Yeah there is a bit of nostalgia for me, admittedly. Modern canvas with a decent lib can produce flash-like/flash-superior content but the tooling is aimed at engineers while flash was aimed at creatives/general public (imho), hence why we got so much trash (accessability) but also why we got so much incredible stuff (again, accessability)
Maybe everyone and their uncle had a website back then too but today everything is soaked up and formatted for profit by a select few (fb, google, tiktok, ...)
Yeah, they won because they made things easy imho. Lower barrier to entry === higher user base. I would contest your 'everyone and their uncle had a site' comment, though - for flash you still had to be 'in the know' or curious of how the flash games/animations were made, and then be inquisitve and resourceful enough to get yourself a 'copy' of your preferred flash ide, then figure out how to package/host/etc. Sites like livejournal/tumblr are more akin to what you are describing imo.
Just to clarify, everyone had a website but not everyobe had a flash game ofc. But, when you went to Bobs website he had links to other websittes (lots of peopke had like carousel links) and so on, and you stumbled upon horrors and gems alike...
We made it so whole programs and commercial games could run directly in your browser, and then package them with their own copy of Chromium because fuck you.
Yeah but we have HTML5 now which is better than Flash ever was.
I'm glad Flash is dead.
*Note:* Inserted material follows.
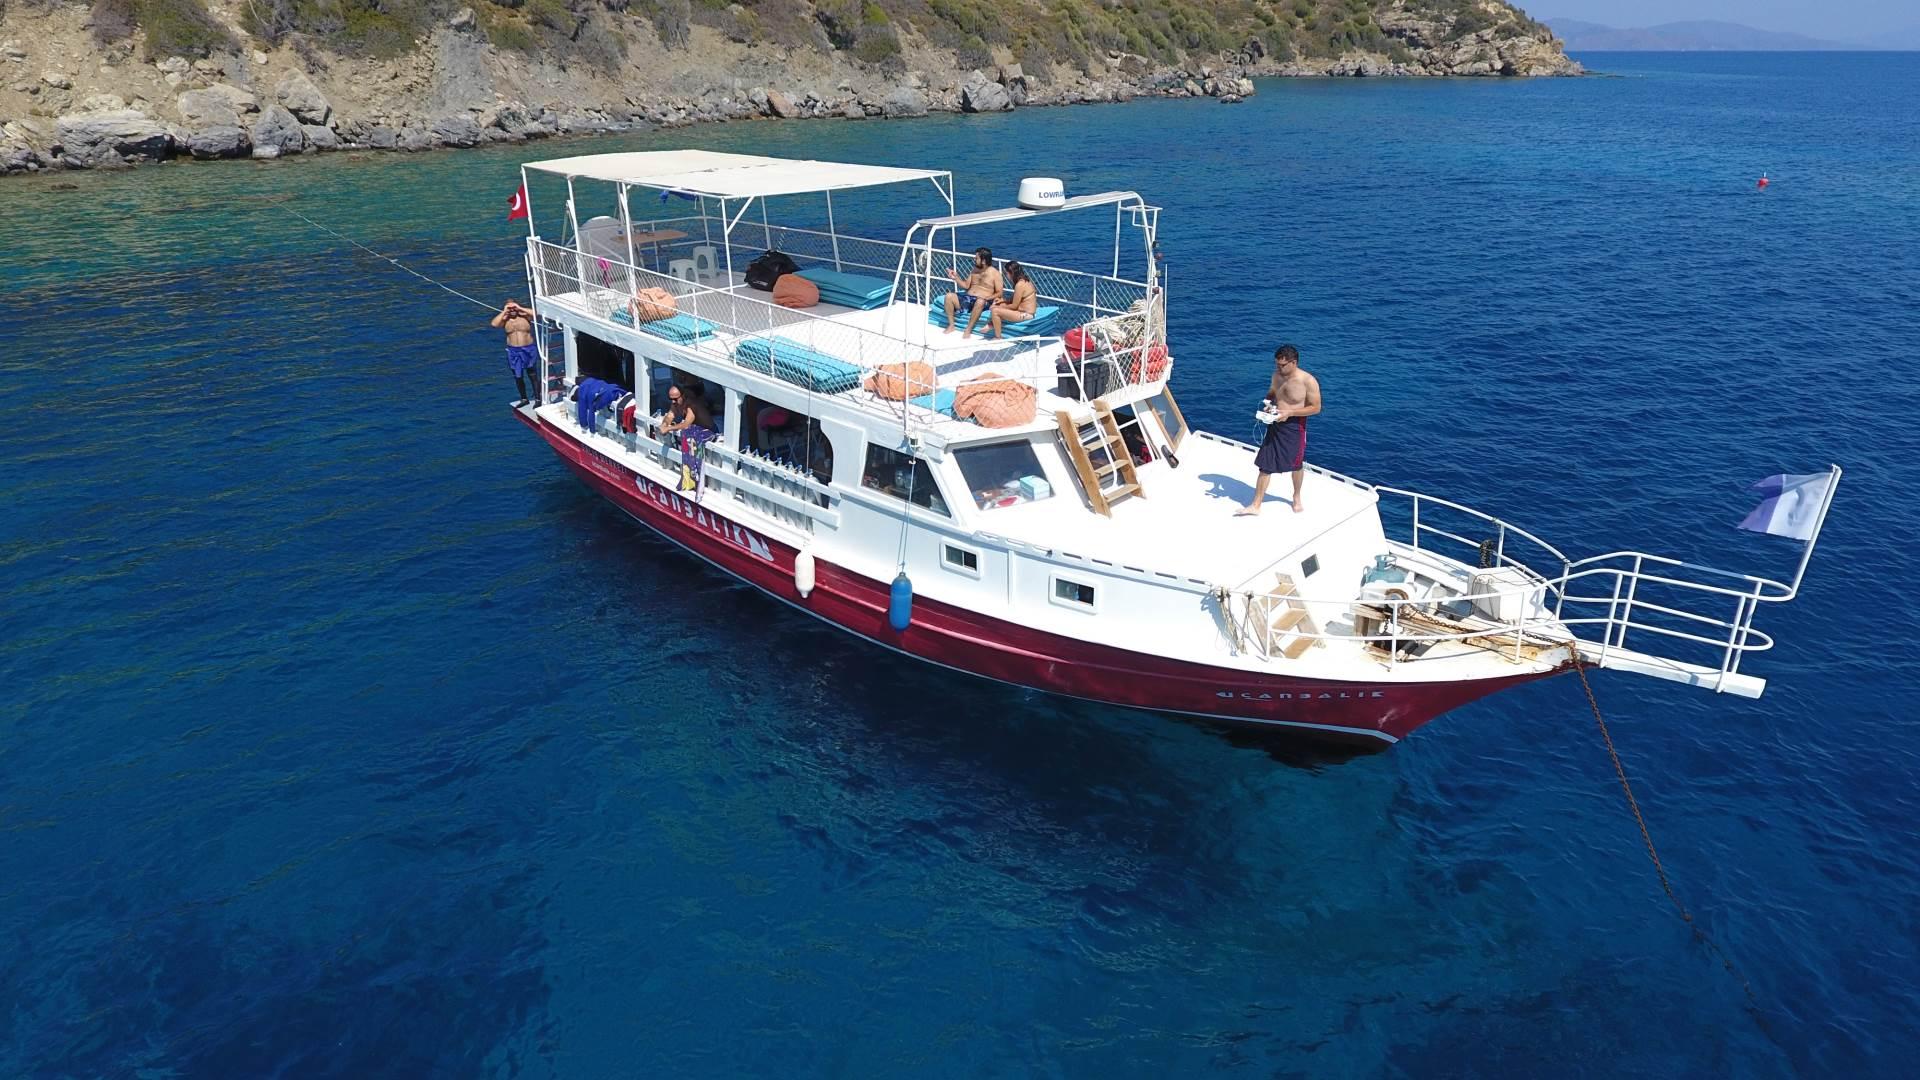 Datca Ucanbalik Diving Center, Dive Boat UCANBALIK

I got tired of having to constantly update it.
Edit: Also mobile gaming is the modern equivalent of Flash games. You just don't see it that way because you didn't grow up with it. I do miss the days when games could just be games without being heavily monetized, but there are still plenty of decent, simple mobile games available that don't have any microtransactions and thus heavily resemble the Flash games you played in your childhood. You just have to be willing to seek them out.
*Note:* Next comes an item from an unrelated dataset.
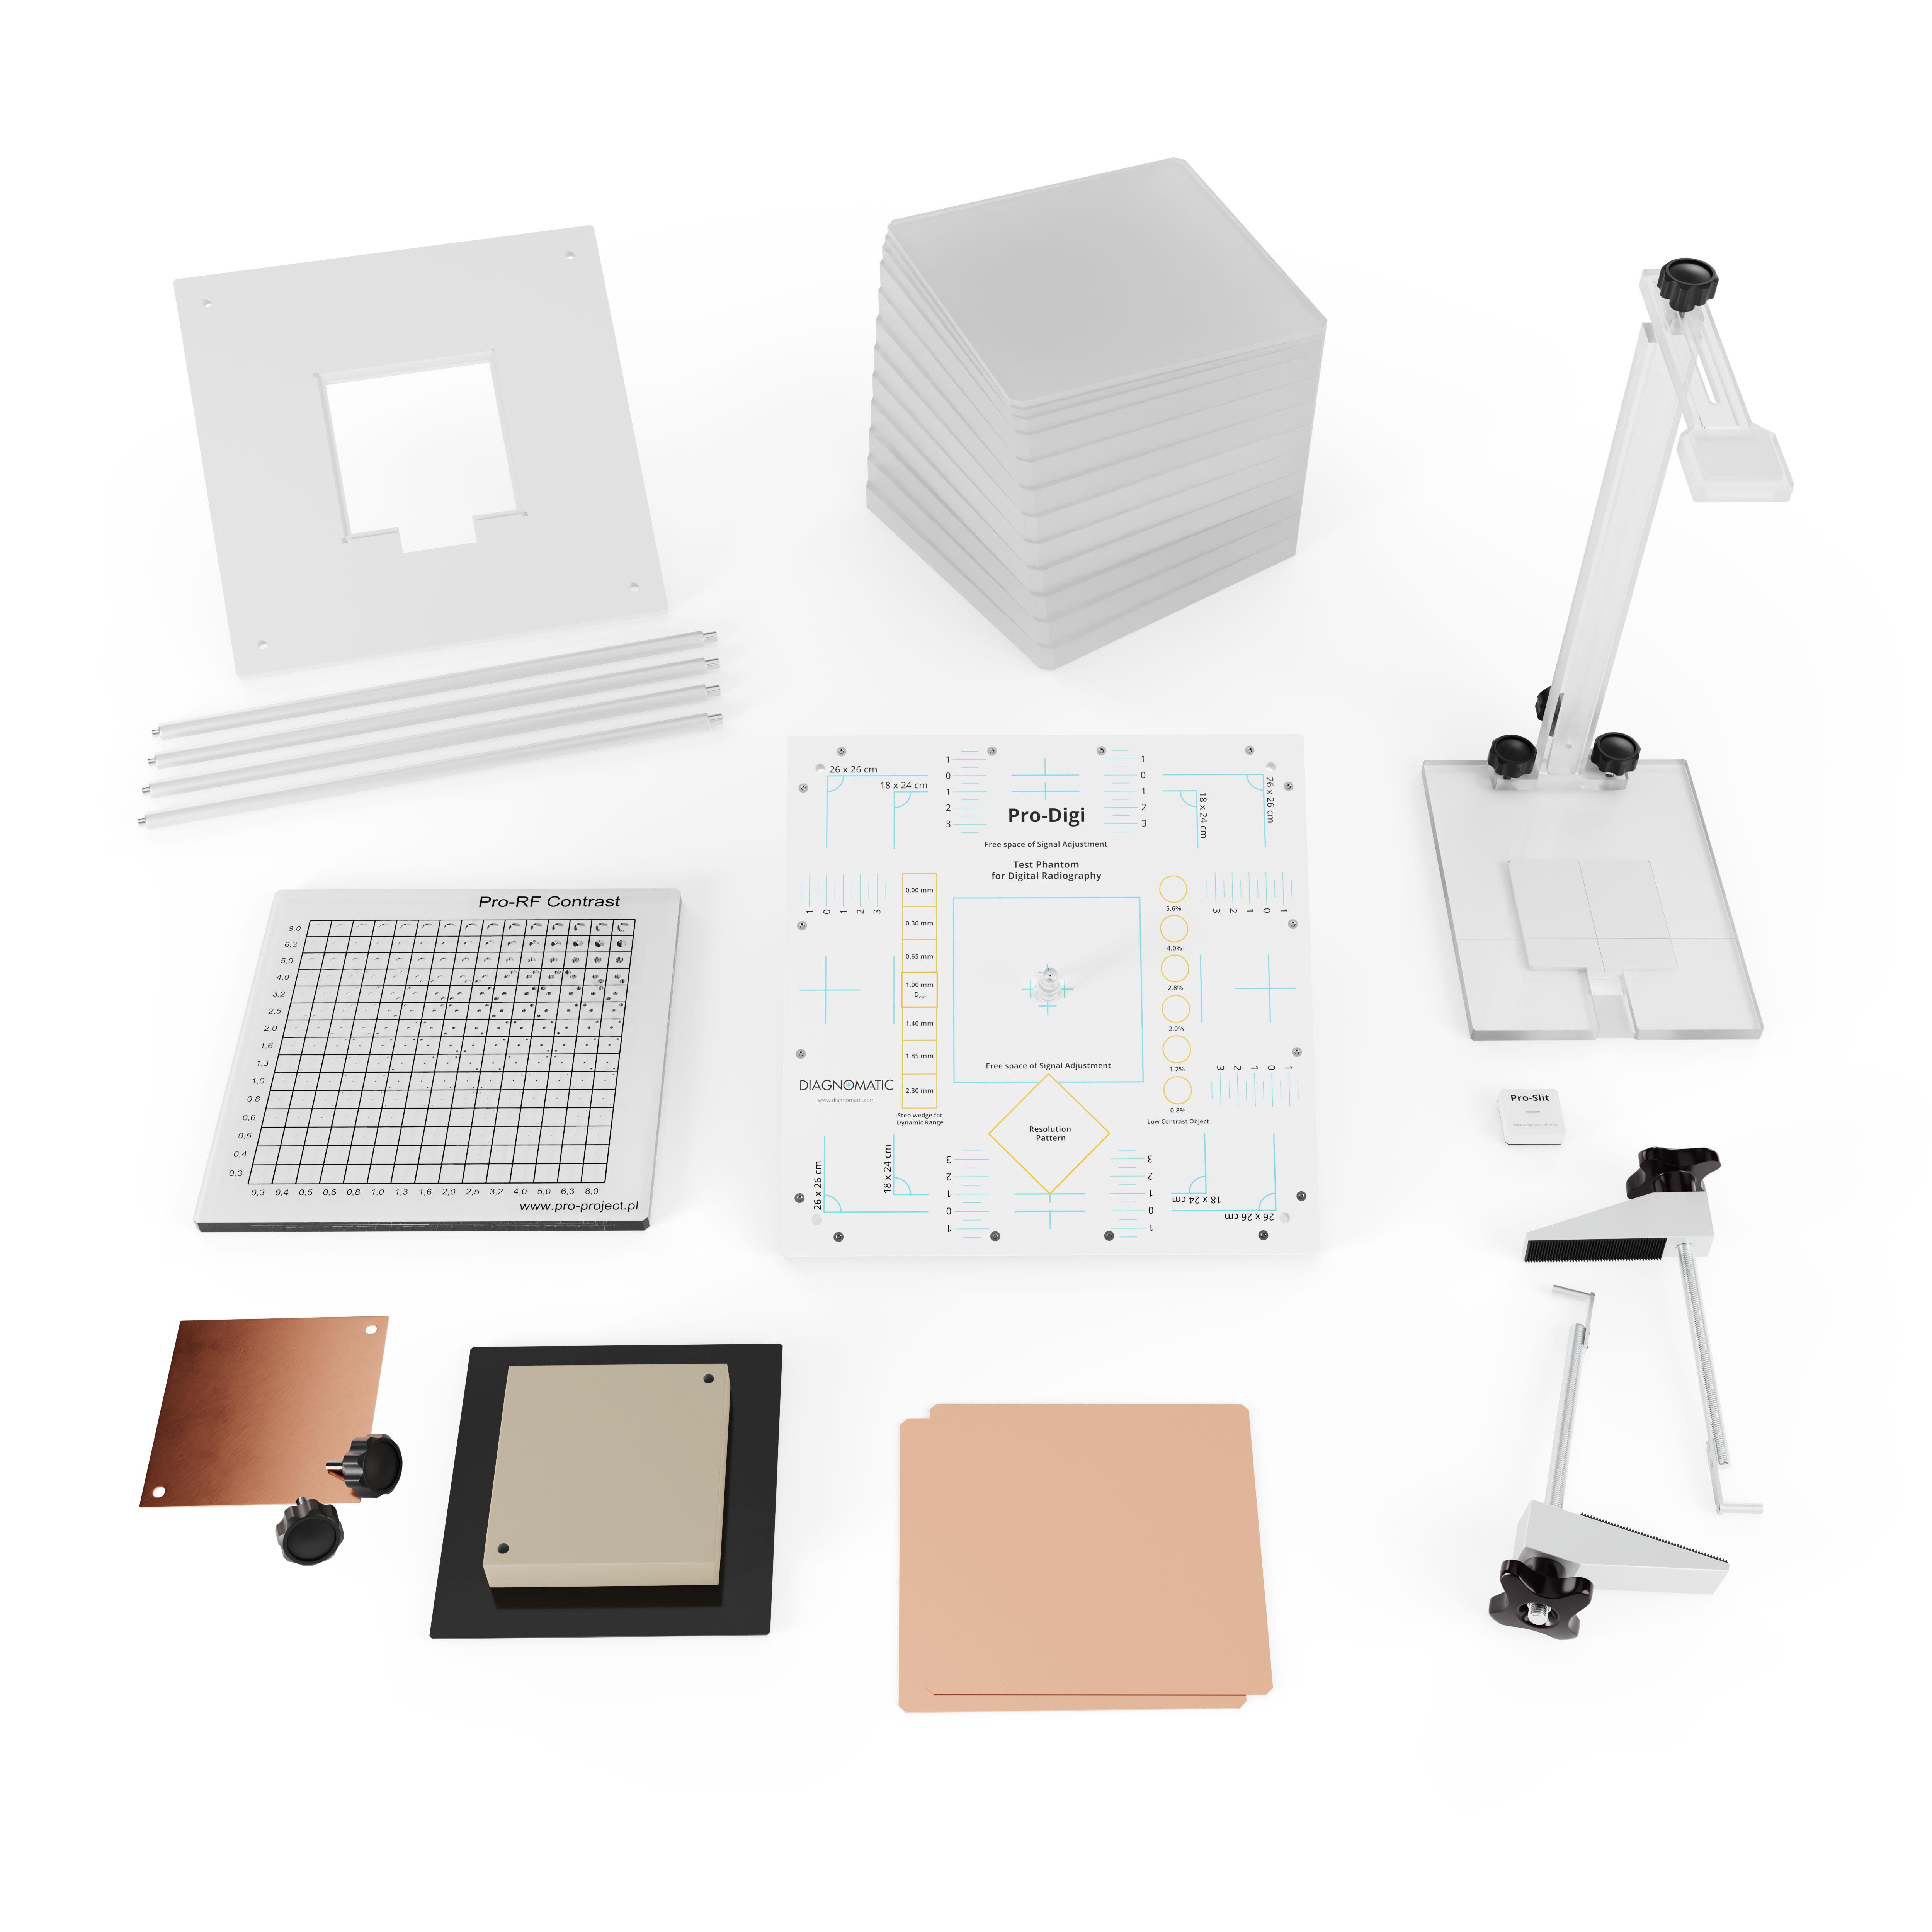 Pro-Digi PRO kit

In some ways, sure. In others?
Trying to download HTML5 games sucks (there is no container format). Trying to play them locally sucks too (simple http server). If preservation efforts here can match how it has gone for Flash content, it'll likely be only thanks to web crawlers people are using now.
Vector graphics was a huge technical feature that (even if still technically possible) has been largely abandoned. Even ignoring visual style, it's less data to load (esp. w/simpler stuff). Particularly for animations (even a 1min18s clip is ~5x larger when rasterized), it seems silly to me that Google didn't attempt some sort of HTML5 vector video support (for an extreme example, see the 10-hour homestar runner complilations on YT) which could likely also be used (at least partially) for digital presentations. Vector being rendered natively at runtime means content creators(/platforms) aren't required to export/store videos in multiple resolutions (which for individuals, might just mean not supporting the higher ones).
Also, WebGL errors and Unity DRM making it even worse, though I'm not sure how much those are still present. Personally I have lost WebGL game data (unclear why, thankfully this isn't always important) more often than I ever remember with Flash.
Yeah I acknowledge modern web is superior to flash in another comment, but argue the accessability has gone down. Also I was not 'growing up with it,' I was getting paid to write actionscript, then as3, then as3 inside of adobe flex/eclipse.